Cierria 6:50 pm, 21-Nov-2013

Do you hear yourself. If you are this rude on the inside, you do not need to be a waitress.

dani 3:10 am, 27-Nov-2013

everyone needs to relax. first of all - I'm pretty sure the article is meant to be funny. and it is! i'm a veteran server myself and know all these types. of course this doesn't mean I think people with allergies should be shut-ins or that I'm allowed to be a bitch. sometimes servers are customers who may be the mother, the miserable women, the perv. it's just meant to blow off steam and be funny - and cursing people out and assuming they're an asshole is not necessary. it just makes you look like you don't understand sarcasm, exaggeration or humor.

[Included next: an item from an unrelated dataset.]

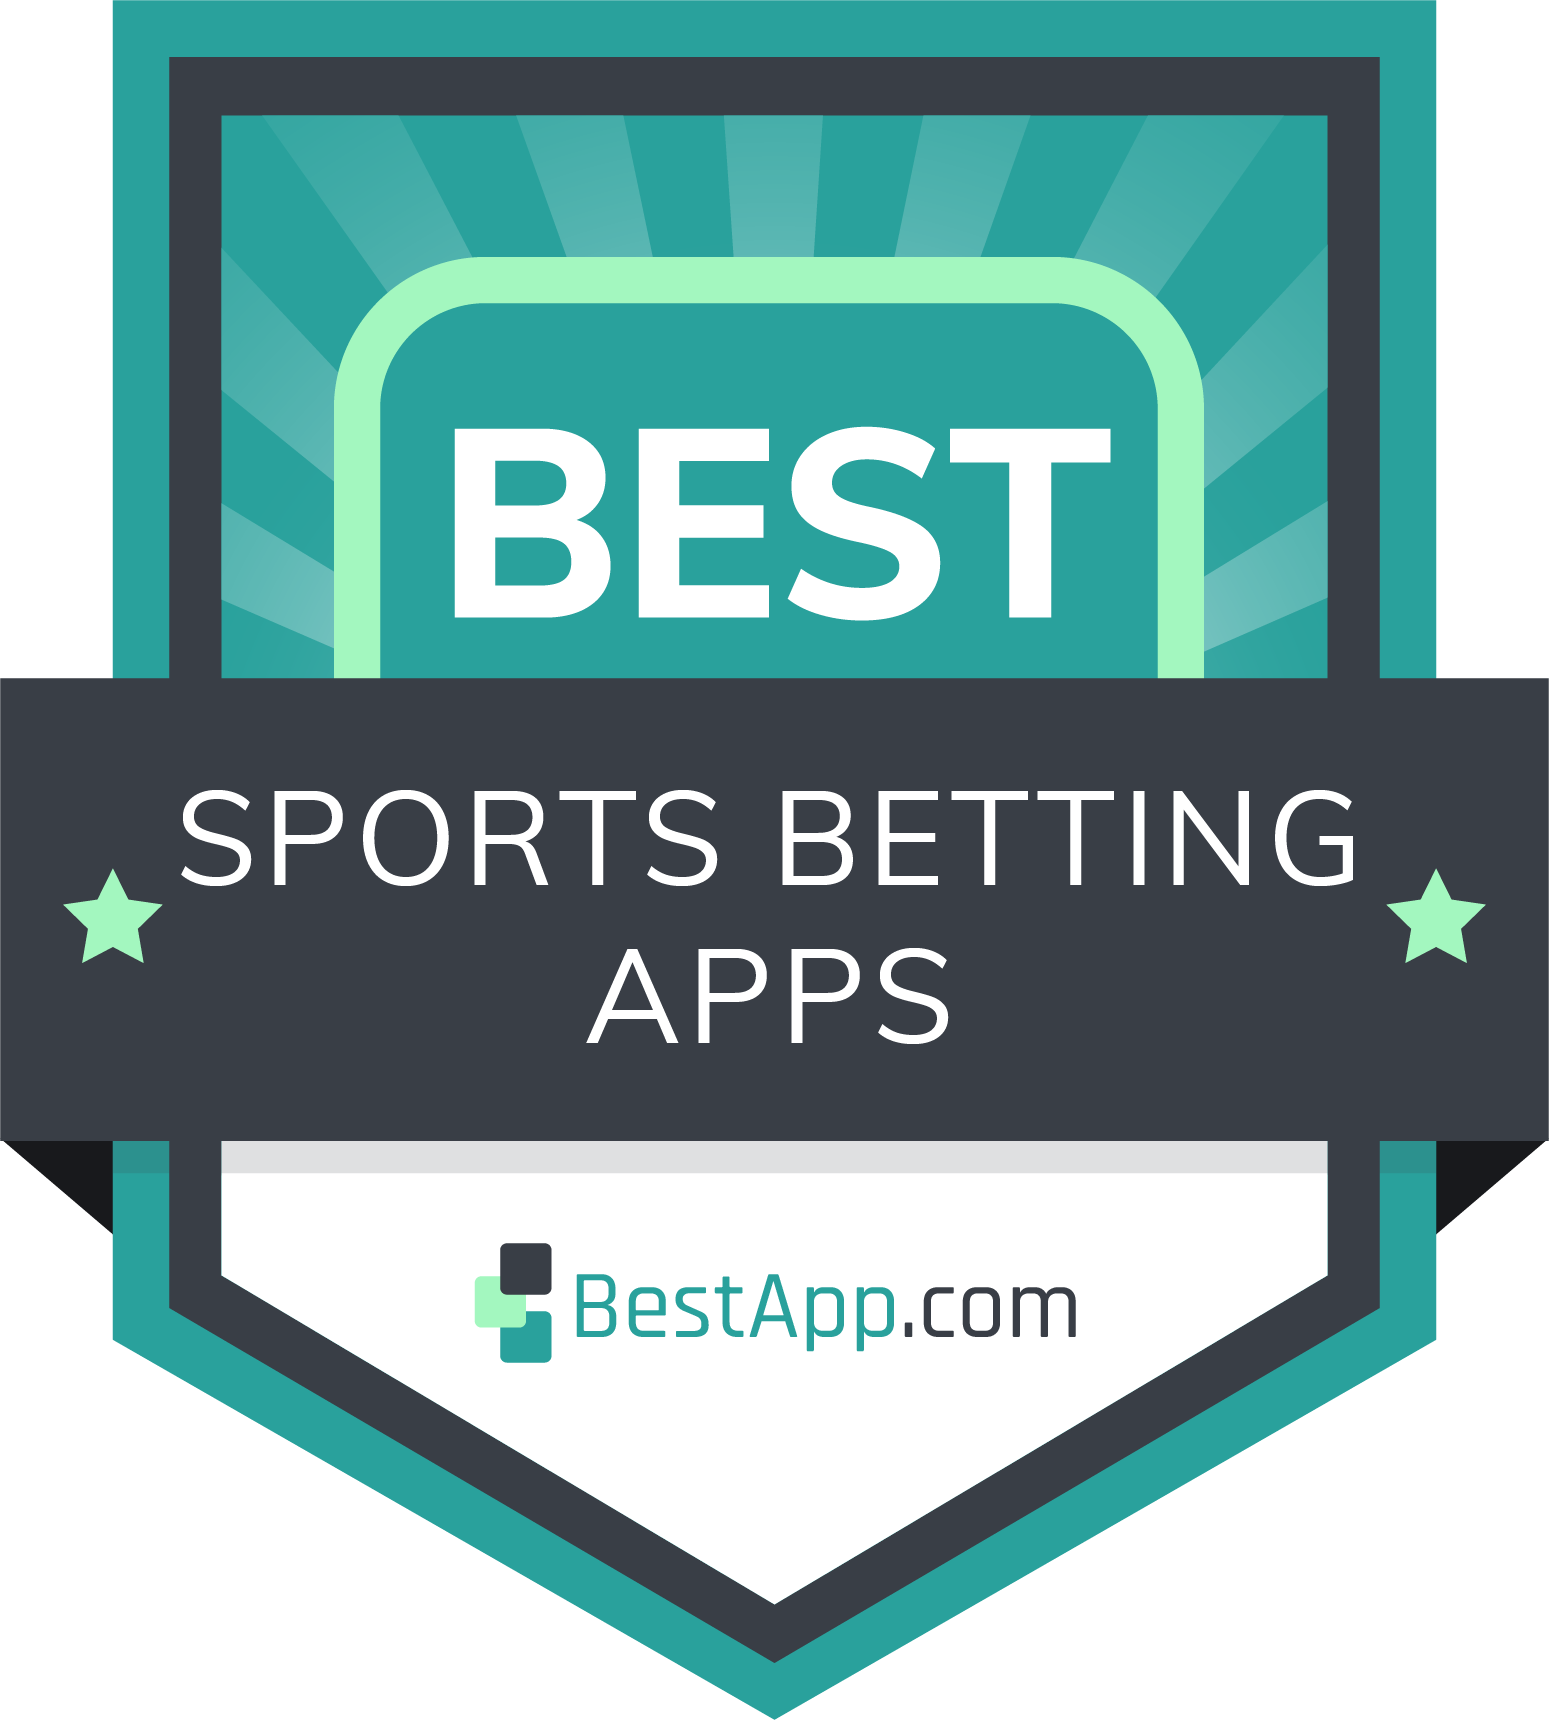 Best Sports Betting Apps Badge
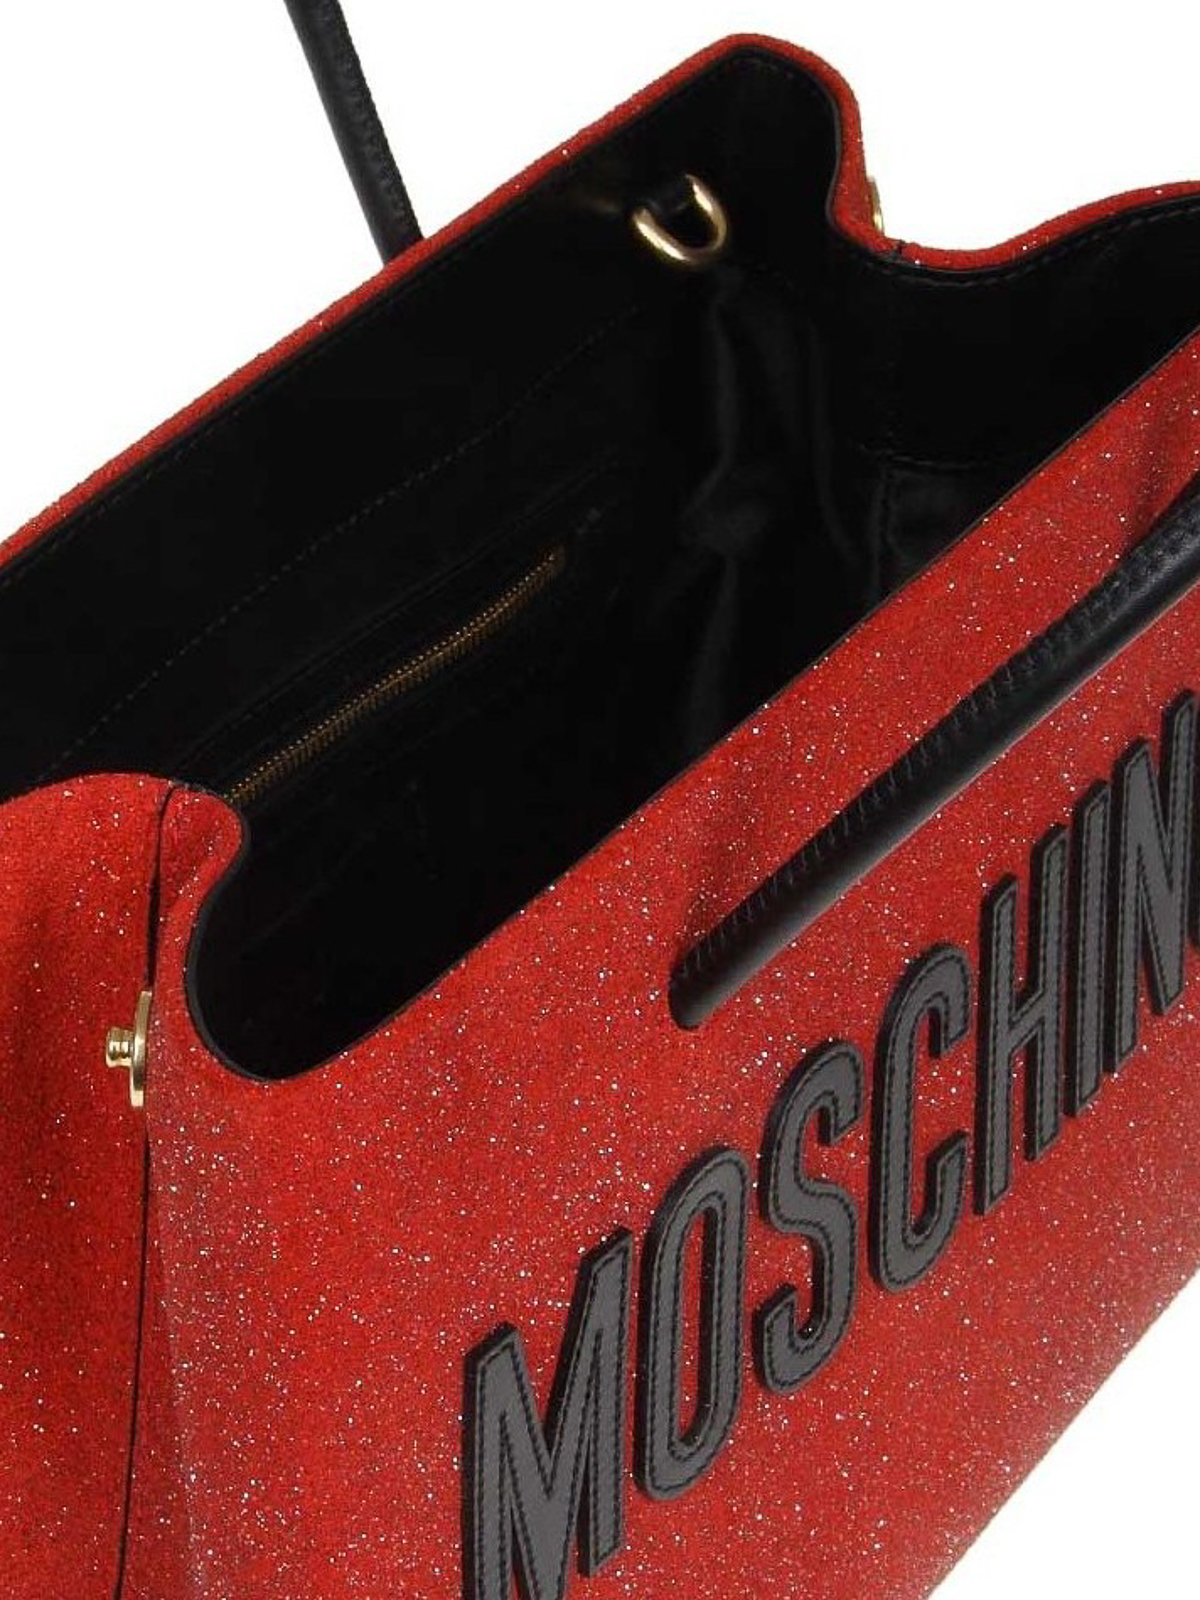 Totes bags Moschino - Red glittered suede tote - 746480082115

Mike Whitehead 3:57 pm, 29-Apr-2014

Great writing Amber - love it. I feel your pain. I used to work part-time at McDonalds in my youth. Friday and Saturday night food fights between all the pissheads, people queuing up on Saturday afternoons when we were rammed but waiting until they got to the till before debating what they want to fucking eat. But my favourite was always the wonderful patrons who wanted a Big Mac " wi' none of that shit on it". To my knowledge, during my employment, we never placed shit upon any food items we served but for these lovely people I would have made an exception.

Colin 7:24 pm, 1-May-2014

Christ, you sound like an awful person

Diana Carvalho 6:50 pm, 12-May-2014

I got say i love the way you thinkk and you couldn't be more right!